The authors of this editorial [Gladwin and Kato, 2008: (http://www.haematologica.com/cgi/content/full/93/1/1)(http://www.ncbi.nlm.nih.gov/pubmed/18166776)] discussed research showing that measures of the rate of intravascular (as opposed to intramedullary, I suppose) hemolysis, in people who had had sickle-cell disease, had correlated positively with markers of hemostasis and the activation of the coagulation cascade. This type of research (http://scholar.google.com/scholar?hl=en&q=hemolysis+thrombosis+OR+thrombogenic+OR+hypercoagulability+OR+coagulopathy), along with that editorial and accompanying article [Ataga et al., 2008: (http://haematologica.com/cgi/content/full/93/1/20)(http://www.ncbi.nlm.nih.gov/pubmed/18166781)], suggests to me that the hemolysis that not-uncommonly occurs (http://scholar.google.com/scholar?hl=en&q=hemolysis+hypophosphatemia) in the context of hypophosphatemia, for example, could contribute to some of the complications associated with hypophosphatemia (or with the depletion of intracellular phosphate). It's interesting that hemolysis can produce transient elevations in serum phosphate, but hemolysis per se, as in the context of autoimmune hemolytic anemia, can cause hypophosphatemia, given that the kidneys simply excrete more phosphate in response to the hemolysis-induced elevations. Over time, those types of cycles of phosphate loss, through hemolysis or exercise-induced glycolytic activity or glycolytic activity due to thrombosis due to hemolysis, would lead to hypophosphatemia. A lot of the articles on exercise and serum phosphate report hypophosphatemia, but it's conceivable to me that hypophosphatemia-induced hemolysis could "falsely" and intermittently elevate serum phosphate to normal levels and confound attempts to diagnose the condition. Thatte et al. (1995) [Thatte et al., 1995: (http://www.ncbi.nlm.nih.gov/pubmed/7573122)] discussed research showing that hemolysis can induce hyperphosphatemia. The thrombogenic state associated with hemolysis could contribute to the intracranial hypertension that researchers have associated with hypophosphatemia and could contribute to exercise-induced rhabdomyolysis, given that rhabdomyolysis has commonly been reported in the context of hypophosphatemia.

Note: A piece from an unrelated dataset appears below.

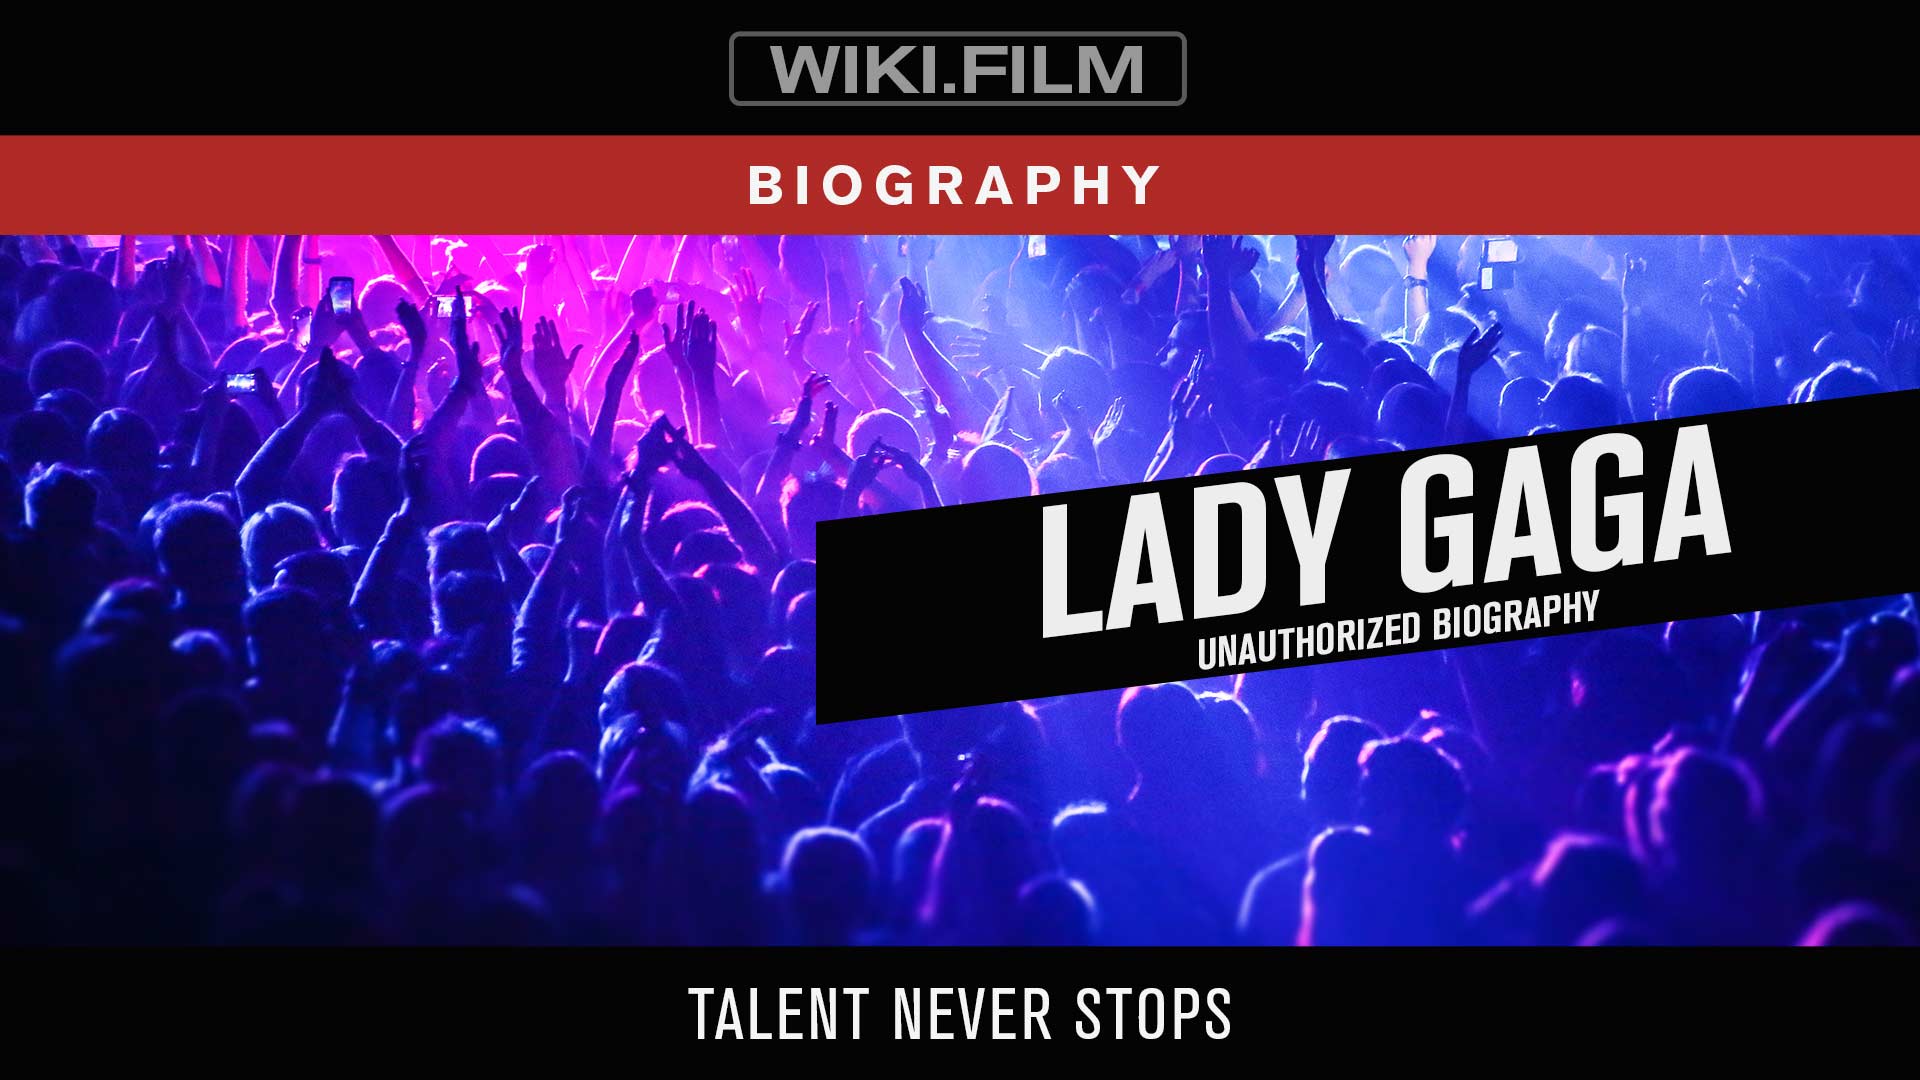 Lady Gaga: Unauthorized Biography

Part of the reason this is interesting is that the combination of thrombocytopenia, which is not uncommon in association with hypophosphatemia (http://scholar.google.com/scholar?q=thrombocytopenia+hypophosphatemia&hl=en), with hemolysis-induced thromboses and activation of the coagulation cascade is an especially dangerous combination and is one reason that heparin-induced thrombocytopenia, for example, is such a dangerous and difficult-to-manage condition. My understanding of it is that thromboses are constantly reforming and undergoing thrombolysis and that this causes small injuries and basically amounts to diffuse ischemia and hypoxia. But one explanation for the bleeding that accompanies thrombogenic conditions, such as heparin-induced thrombocytopenia, is that localized smooth muscle cell necrosis results from localized thromboses and that the small-scale reperfusion or recanalization at the site of "arterionecrosis" or microcapillary damage produces the hemorrhages. Then platelets adhere to the site of the microhemorrhage, etc. Gladwin and Kato (2008), cited above, discussed the fact that the scavenging of nitric oxide by deoxyhemoglobin can be drastically increased during hemolysis and that that, along with the generation of reactive oxygen and nitrogen species by the hemoglobin, can then produce ischemia. Nitric oxide also generally inhibits platelet function, etc., and that effect would be decreased during hemolysis.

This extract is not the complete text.